Data provided
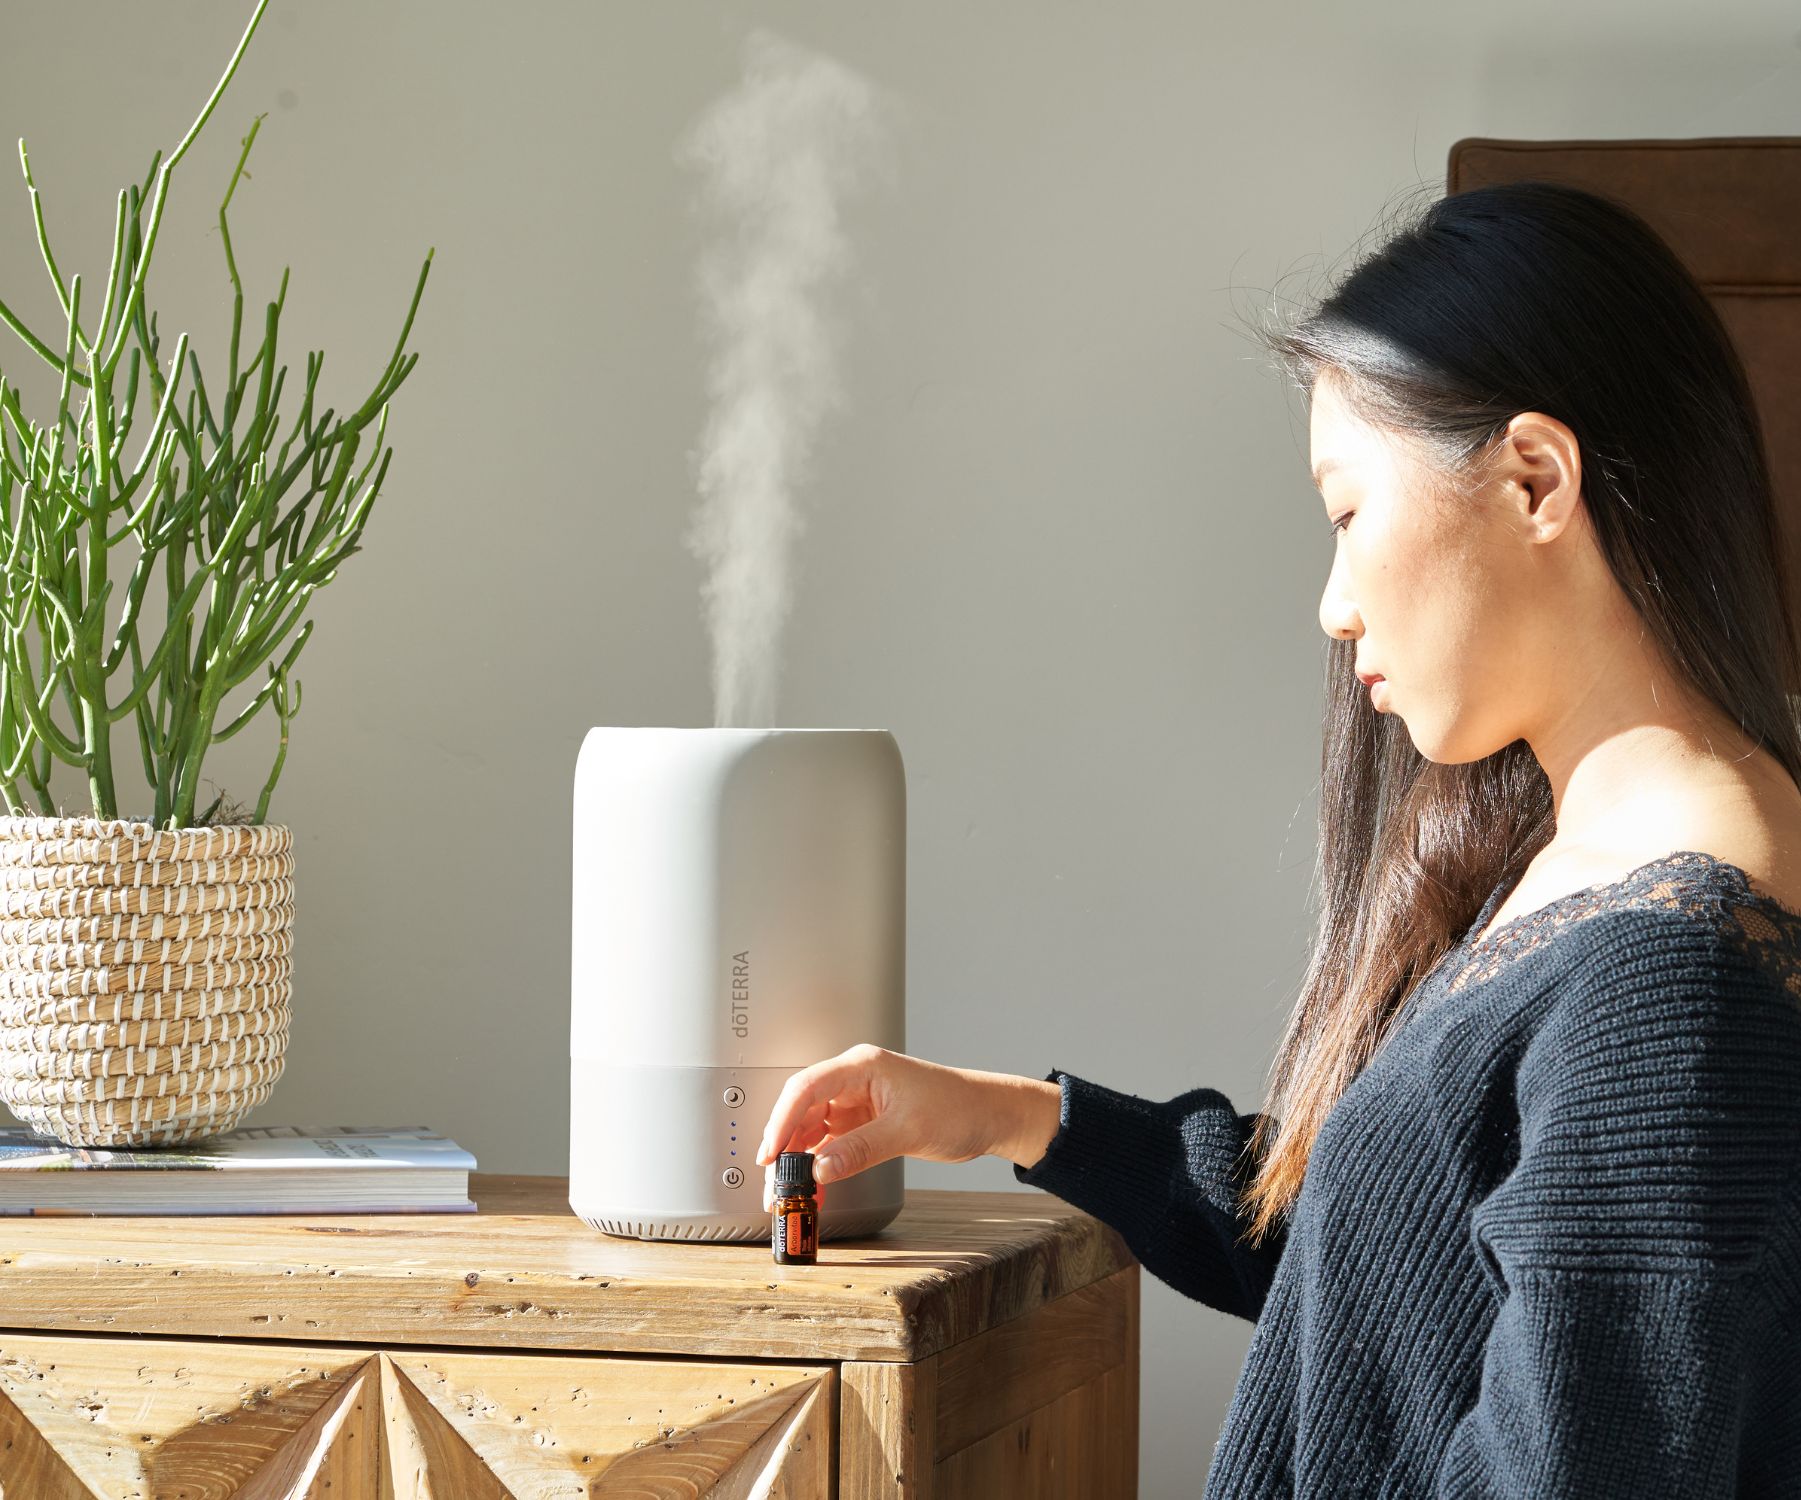 Do Humidifiers Help With Congestion?
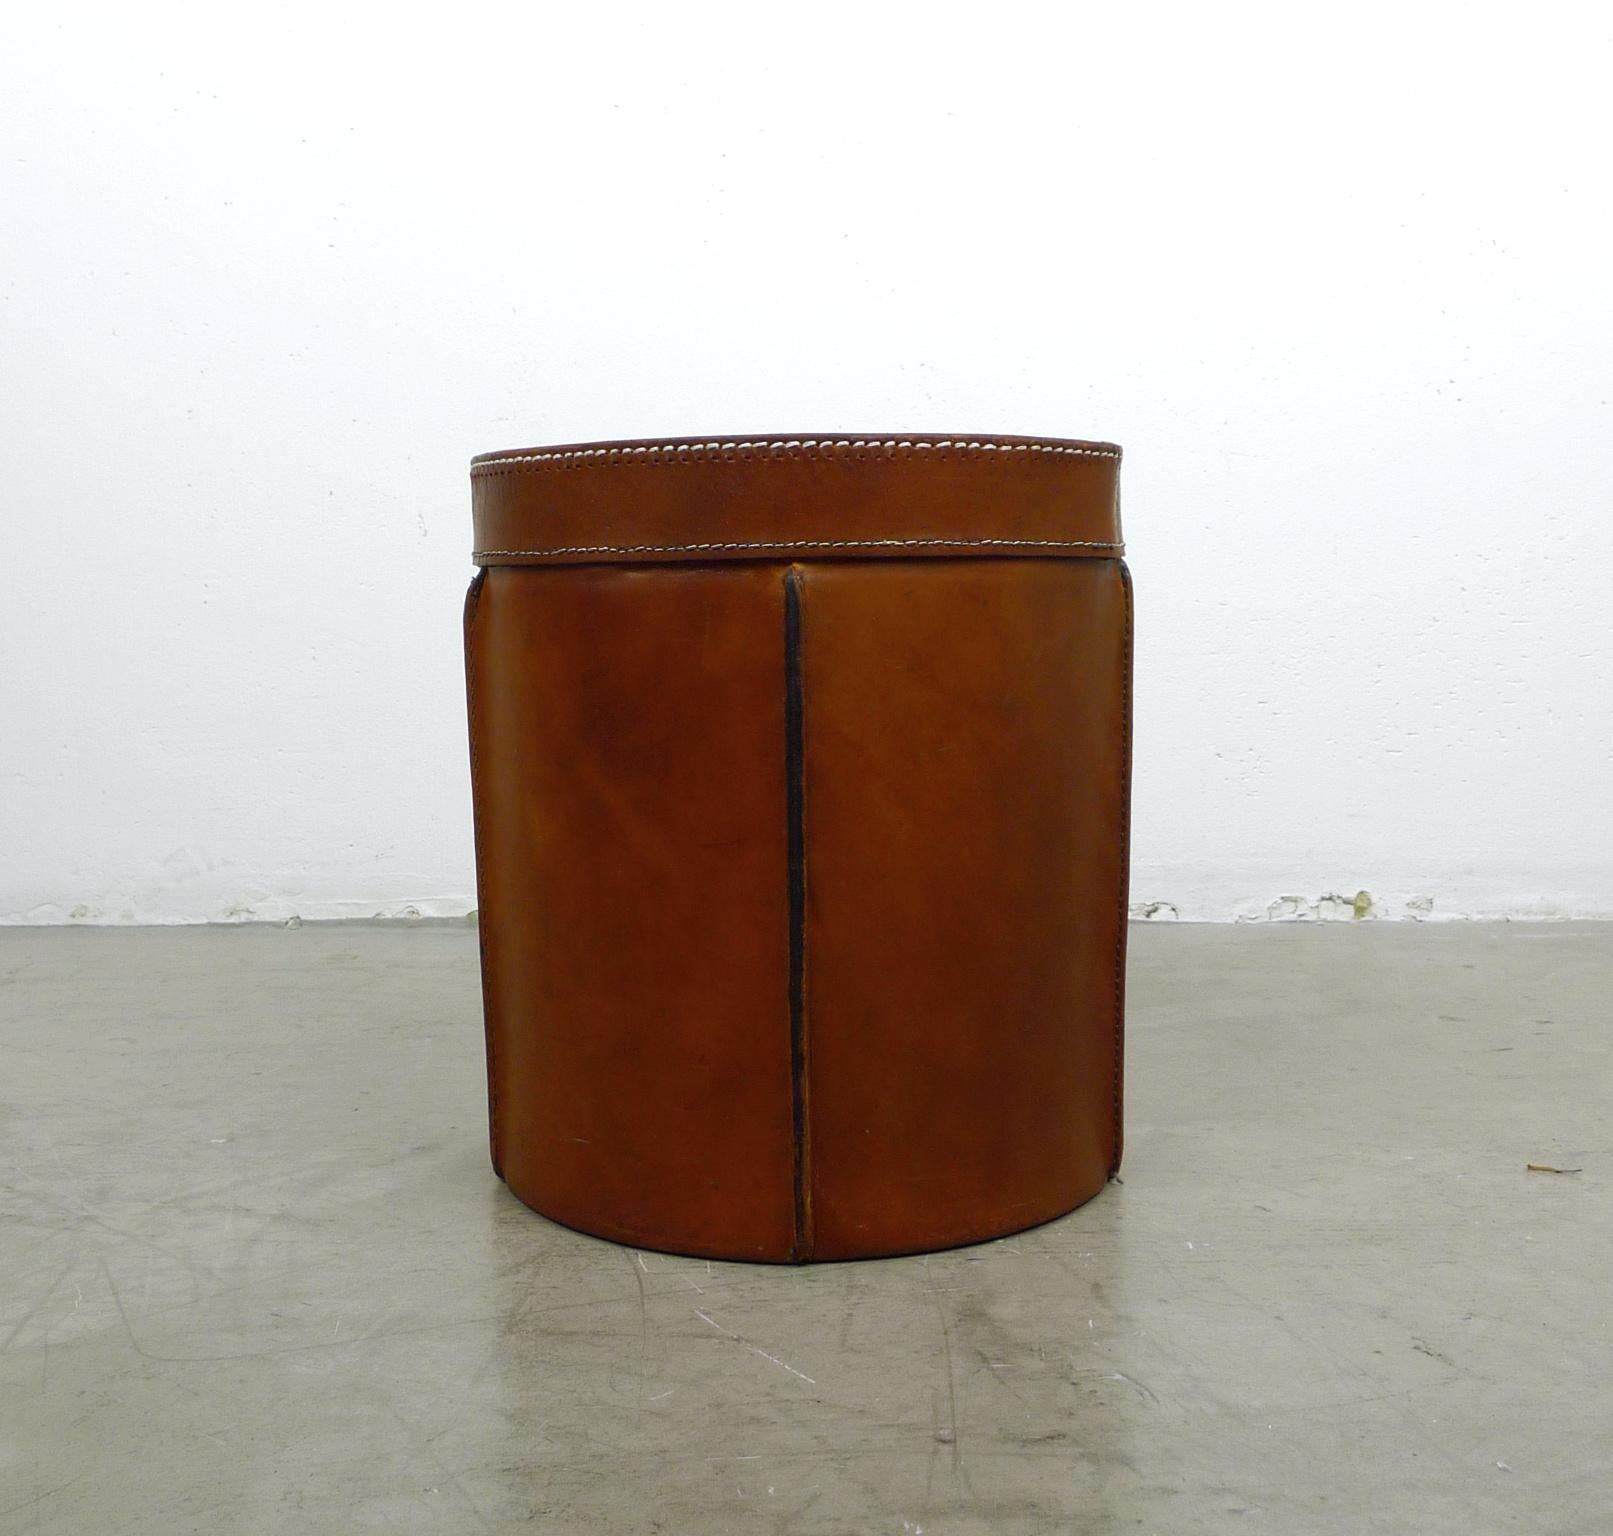 Round paper basket made of thick cognac-colored cowhide from the 1960s. The body is sewn in individual leather elements with white yarn on vertical bars. The interior is lined with a lighter leather. It is in very good condition.
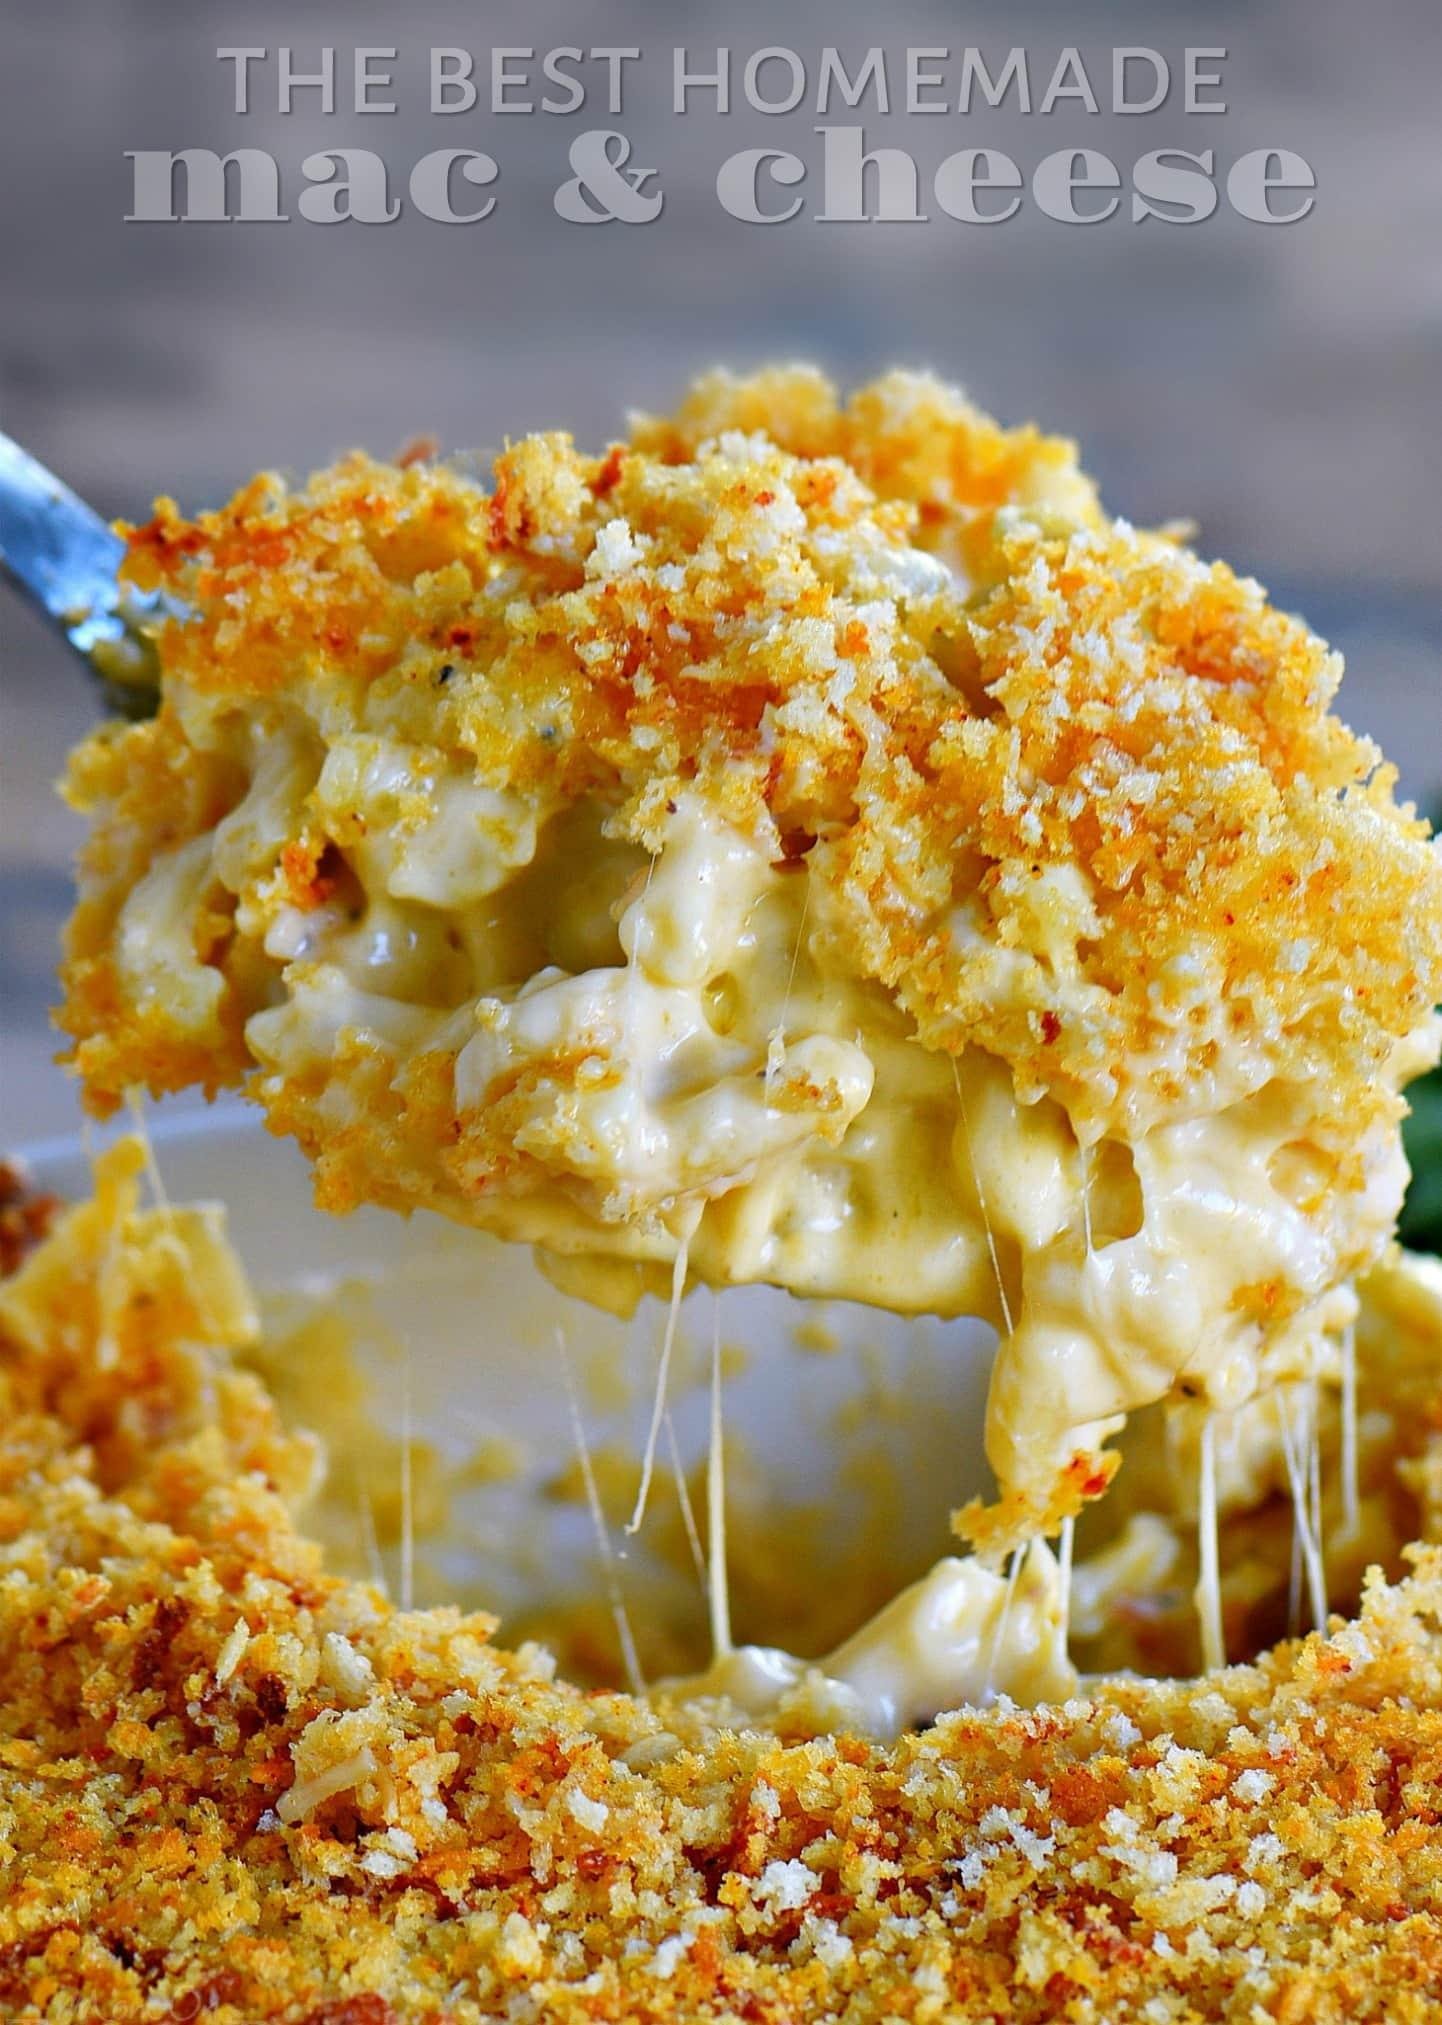 Classic comfort food: How to make the perfect mac and cheese every time

Task item
The expected response is every line of the material, written out exactly, with the images removed.

Task response
 Do Humidifiers Help With Congestion?
 Round paper basket made of thick cognac-colored cowhide from the 1960s. The body is sewn in individual leather elements with white yarn on vertical bars. The interior is lined with a lighter leather. It is in very good condition.
 Classic comfort food: How to make the perfect mac and cheese every time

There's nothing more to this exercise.